The World Wildlife Fund US’ Forest Strategy and Research Director Martha Stevenson supports the Guidance:

“This work from Quantis and partners is filling a critical gap in GHG accounting for the corporate sector, which is particularly important to advance private sector leadership on addressing climate change. WWF values Quantis’ science-based approach to this complex topic to ensure that the robust carbon accounting is guiding decisions and supporting and complementing public targets as we navigate below 2° pathways.

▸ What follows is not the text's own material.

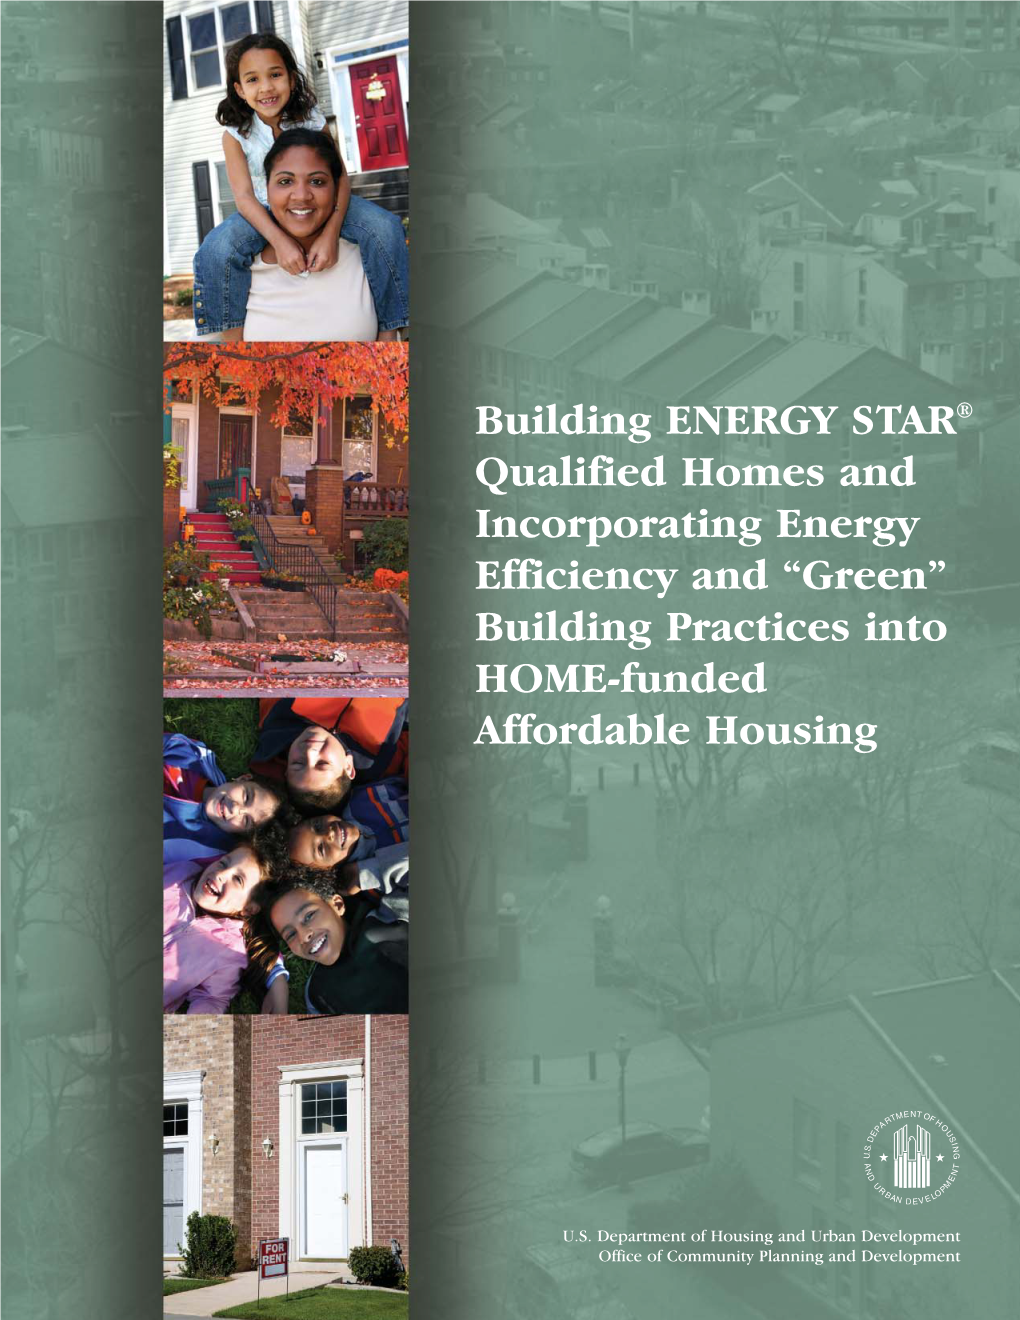 Building ENERGY STAR® Qualified Homes and Incorporating Energy Efficiency and “Green” Building Practices Into HOME-Funded Affordable Housing
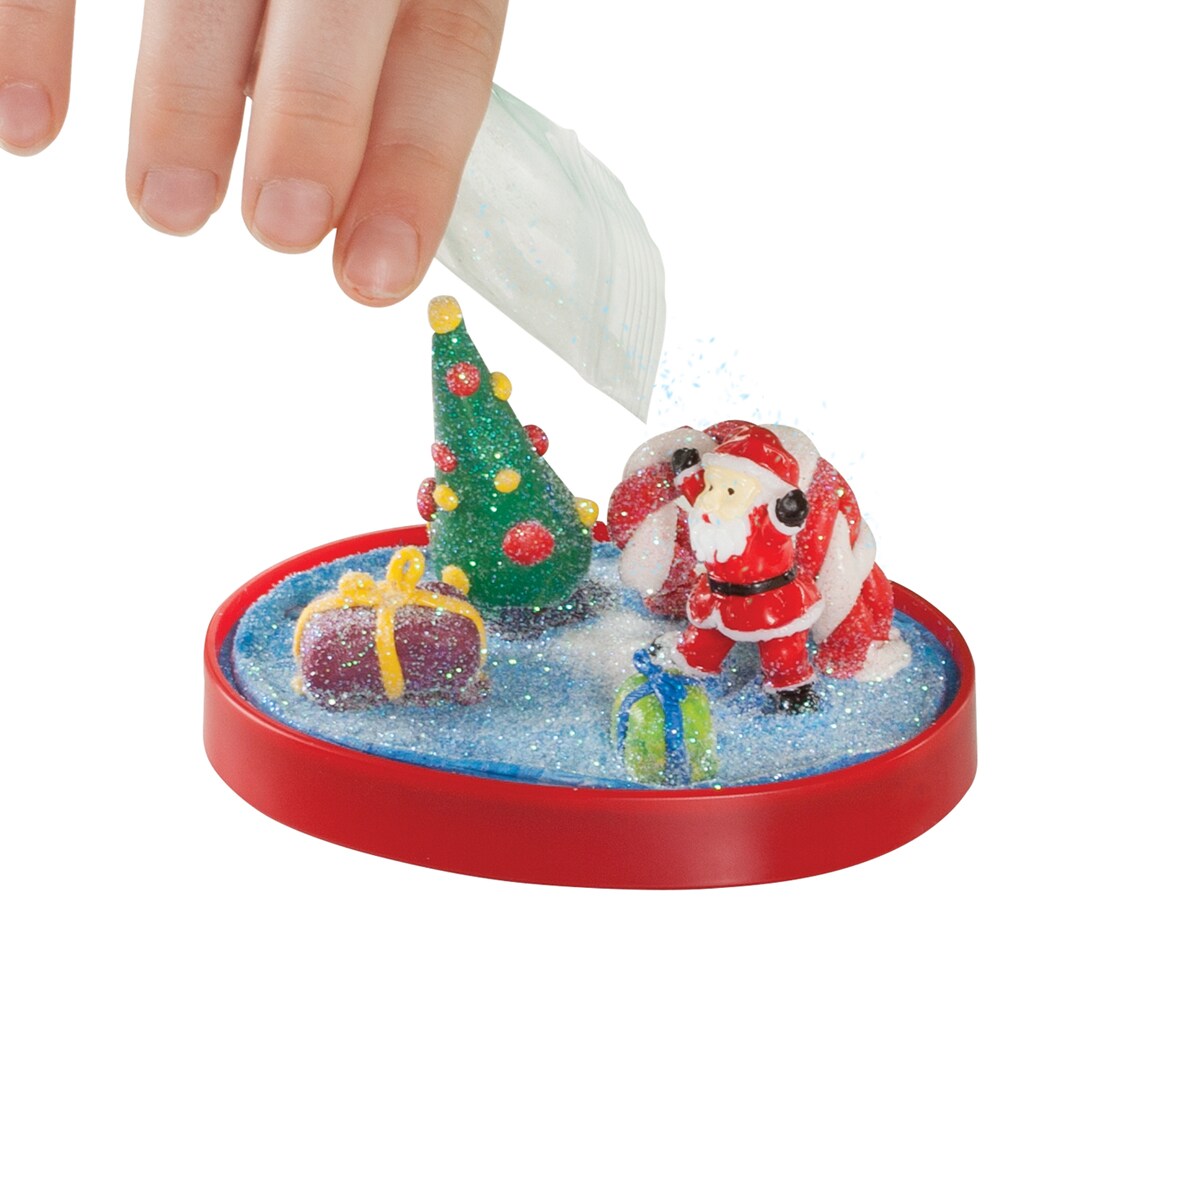 Faber-Castell Creativity for Kids Make Your Own Holiday Snow

This methodology also allows companies who have been making progress on their deforestation-free commitments crosswalk those to their GHG emissions commitments.”

Other LUC Guidance partners shared key takeaways and expectations with the hope that more will join the pilots of the initiative (see full list of testimonies here):

Jerry Lynch, Chief Sustainability Officer at General Mills:

“We made an ambitious commitment to reduce our greenhouse gas emissions across our value chain by 28% by 2025. Having consistent measurement and guidance on this critical area will allow us to better track progress towards our goals.”

Kevin Rabinovitch, Global Sustainability Director at Mars, Incorporated:

“Mars is excited to be part of this initiative – we believe better and more consistent quantification of GHG emissions from deforestation will help accelerate global efforts to reduce both deforestation and GHG emissions.”

Nicko Debenham, VP Head of Sustainability & MD Biolands Group at Barry Callebaut:

“Barry Callebaut has done extensive work on quantifying the greenhouse gas emissions directly and indirectly associated with our supply chain in order to offer chocolate and cocoa products with a declared carbon footprint. Our work will be both benefitting to and from this ground-breaking effort that will result in a widely recognized and scientifically robust methodology.”

Frank Brentrup, Senior Scientist at Yara International:

“Yara International believes [in] greatly reducing GHG emissions caused by land use change, and potentially protecting biodiversity. In order to evaluate and measure the full climate impact of different crop production systems, it is necessary to include emissions from land use change and therefore we support the development of a guidance document in this respect.”

Jorge Soto, Chief Sustainability Officer at Braskem:

“Looking for renewable sources of energy and feedstock is a fundamental part of Braskem’s business strategy. We know that the sustainability of these renewable sources depends heavily on how the biomass is cultivated. We see this initiative as a very important first step for a consensual and scientifically sound approach for measuring and reporting GHG emissions due to Land Use and Land Use Change.”